In this vertical furnace, the center zone a and end zones b and c are the same as the conventional ones, and the vertical temperature distribution inside the furnace core tube 1 when heated is also as shown in Fig. 5. The line 3 shown in the figure is similar to the line 2 in the conventional case.

(gl Effects of the Invention As explained above, by taking the measures of the present invention, even if the diameter of the furnace core tube becomes large for large wafers in a vertical furnace, it is possible to economically shorten the lifespan. Furthermore, even when the heat treatment temperature is high, it is possible to reduce the deterioration of the wafer compared to the conventional method.

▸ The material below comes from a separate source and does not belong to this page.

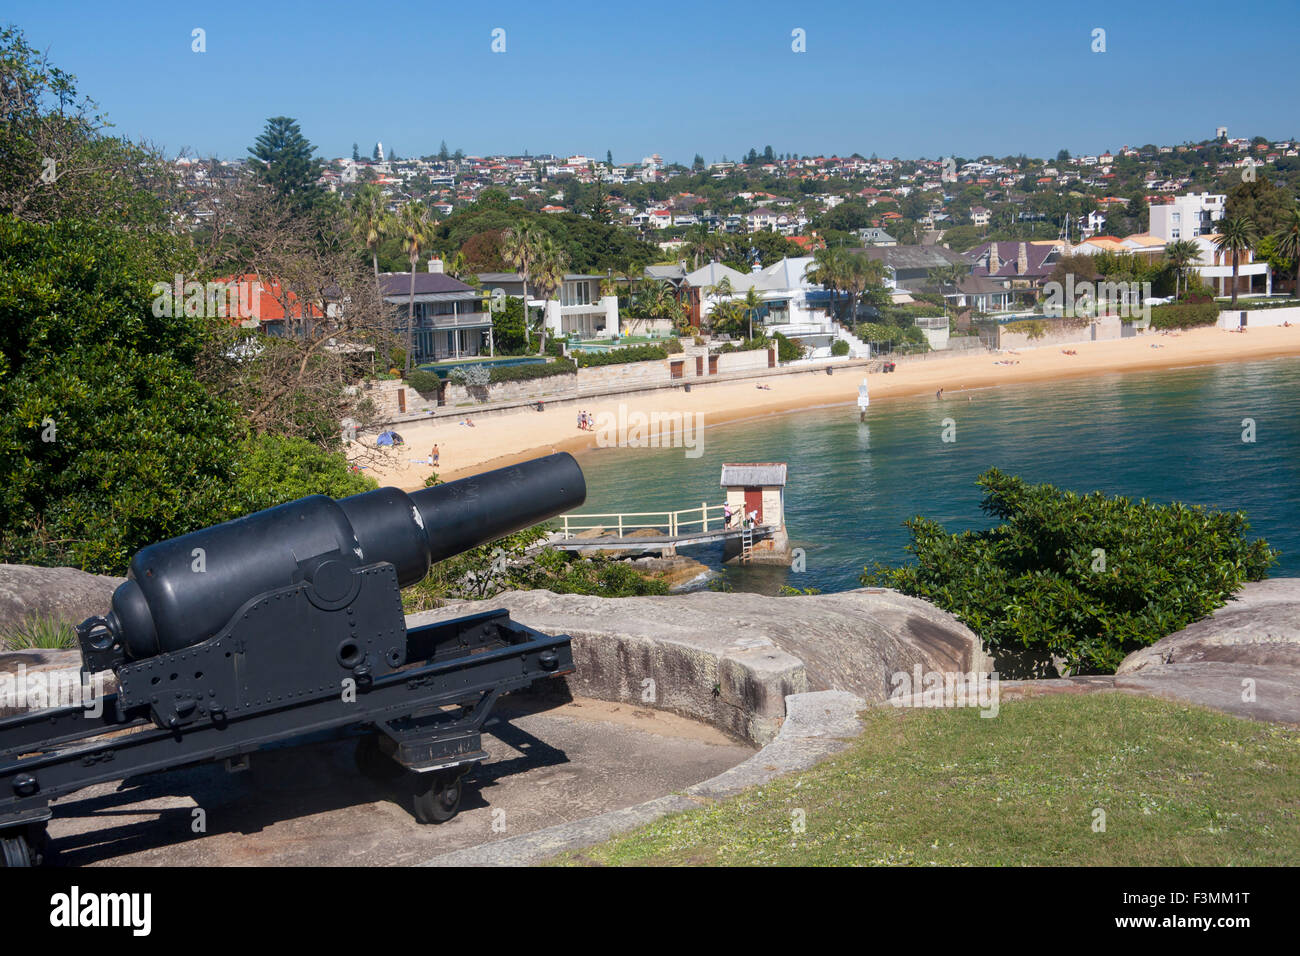 Camp Cove Beach avec des armes à canon en premier plan près de Watsons Bay périphérie est Sydney NSW Australie Nouvelle Galles du Sud Banque D'Images

[Brief explanation of the drawing]

FIG. 1 is a side sectional view schematically showing the configuration of an embodiment of a vertical furnace according to the present invention; FIG. 2 is a side sectional view schematically showing a typical configuration of a conventional vertical furnace; 3 is a diagram showing the temperature distribution, FIG. 4 is a side sectional view schematically showing the configuration of another embodiment, and FIG. 5 is a vertical view of the structure shown in FIGS. 1, 2, and 4. FIG. 2 is a diagram showing a comparison of the temperature distribution of a type furnace. In the drawings, 1 is a furnace core tube, la is a gas inlet, 1b is a gas outlet, 2 is a cage, 3.4.5.3a, 4a, 5a, 4b are heaters 6 are heat insulating layers, A is a wafer, B are the support rods and , respectively.

Claims (3)

[Claims] (1) A furnace core tube is arranged in the vertical direction, and a lower heater that heats an end zone extending below the center zone in which the object to be processed is arranged in the furnace core tube is installed in the end zone extending above the center zone. A vertical furnace that is different from the top heater. (2) The vertical length of the lower heater is equal to the upper Q −
The vertical furnace according to claim 1, wherein the length is longer than the length of the vertical furnace. (3) The vertical furnace according to claim (1), wherein the heating capacity per length in the vertical direction of the lower heater is greater than the capacity of the upper heater.